Arroz
Arroz
Cheguei tão cansada em casa. Tive que sair mais tarde. O
hospital estava cheio e eu tive que dobrar meu turno. Outros dobraram também. O
que eu mais queria era tomar um banho, comer e dormir. Nunca acreditei em ter
indigestão em comer e depois tomar banho.
Entrei em casa e meu namorado estava dormindo no sofá-cama. Passei
a mão pelo rosto dele e ele nem se mexeu. No caminho até o banheiro, vi a
cozinha intacta. Nada para comer. Me resignei com meu banho.
Depois de alguns minutos no banho, ele abriu a porta apenas
um trecho e com um olhar de sono me disse “Como foi o dia?”
“Preciso de cama.”
“Tem algo pra comer?”
“Deixei algo aí.”
Saí do banho sabendo que ele tinha pedido uma pizza. Tava
ótimo. Gastamos mais, ganhamos mais gorduras, mas eu tava com uma fome...
- O que você fez, amor?
- Arroz...
Abri o forno duvidando dele. Quando olhei... vi uma
panelinha de arroz de uns dois dias. Seco.
- Arroz, filho da puta? E branco? E velho?
Ele levantou nervoso.
- Não gosta não come!
Apenas se virou e voltou a se deitar. Apenas disse “Vê se
algo na panela elétrica de arroz te agrada.”
Pensei: tá sonado ou endoideceu.
Mas abri a panela elétrica. Uma fumaça quente e com sabores
invadiu o ar. Quando o vapor sumiu, vi um prato cheio de elementos diferentes.
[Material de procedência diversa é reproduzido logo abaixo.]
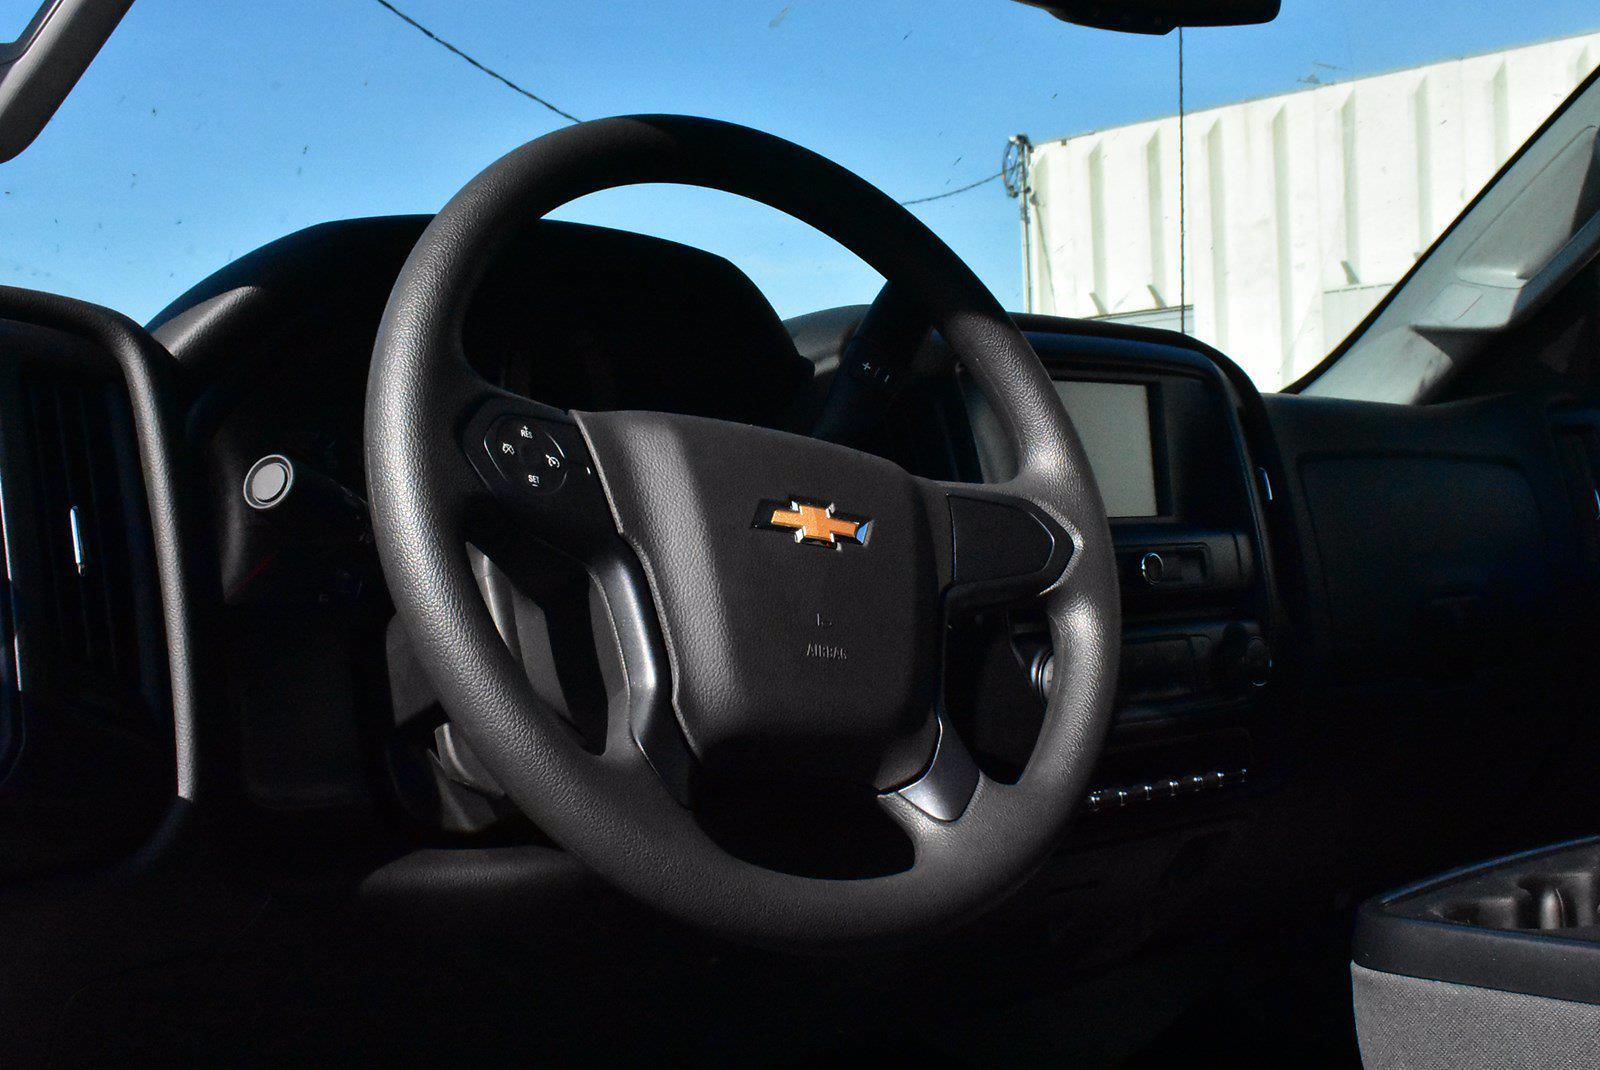 2019 Chevrolet Silverado 6500 DRW 4x4, Cab Chassis #D191433 - photo 6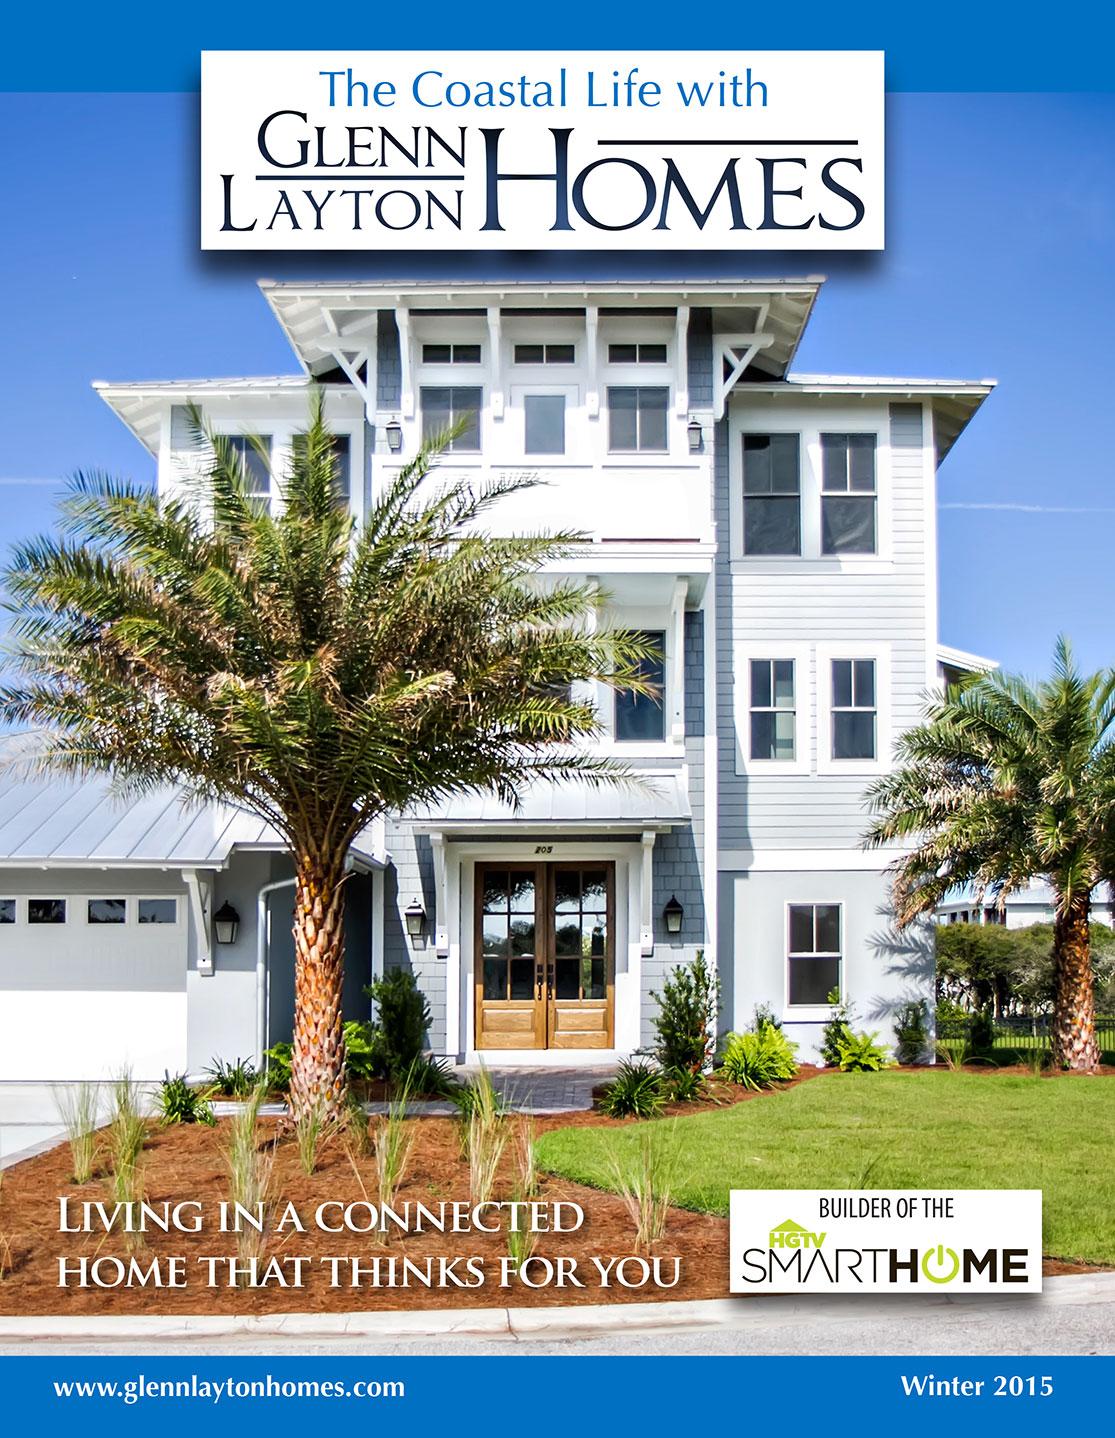 The Coastal Life Magazine - Glenn Layton Homes

Eu não consegui distinguir nada, mas o cheiro parecia combinar. Chegou até ele
e o despertou.
Ele disse “Parece estar bom”.
Veio semi nu até a mesa e se sentou, eu montei a mesa e
comemos nos olhando e sorrindo a cada garfada. Nos deitamos e foi uma noite
maravilhosa. De madrugada acordei e vi que ele olhava para o teto. Disse:
- Te adoro. Porque fez essa comida pra gente? As meninas do
trabalho vão adorar a receita.
- Hein?
- Porque se deu ao trabalho? Ainda podemos pagar uma pizza
de vez em quando.
- Ah... cheguei morrendo de sono.
- Mas me conta a receita!
- Joguei um monte de coisa da geladeira na panela. Uns
restos da gaveta de legumes. Tinha uma linguiça ressecada e um pedaço de frango
meio mole também. Umas folhas murchas e um pedaço da maminha do churrasco do
domingo. Achei um pouco de arroz velho no forno e joguei por cima. Coloquei água,
liguei a panela e fui dormir. Você que me acordou.
Fiquei sem ar. Não sei se mato o infeliz ou mando um email
de agradecimento às fábricas de panelas de arroz.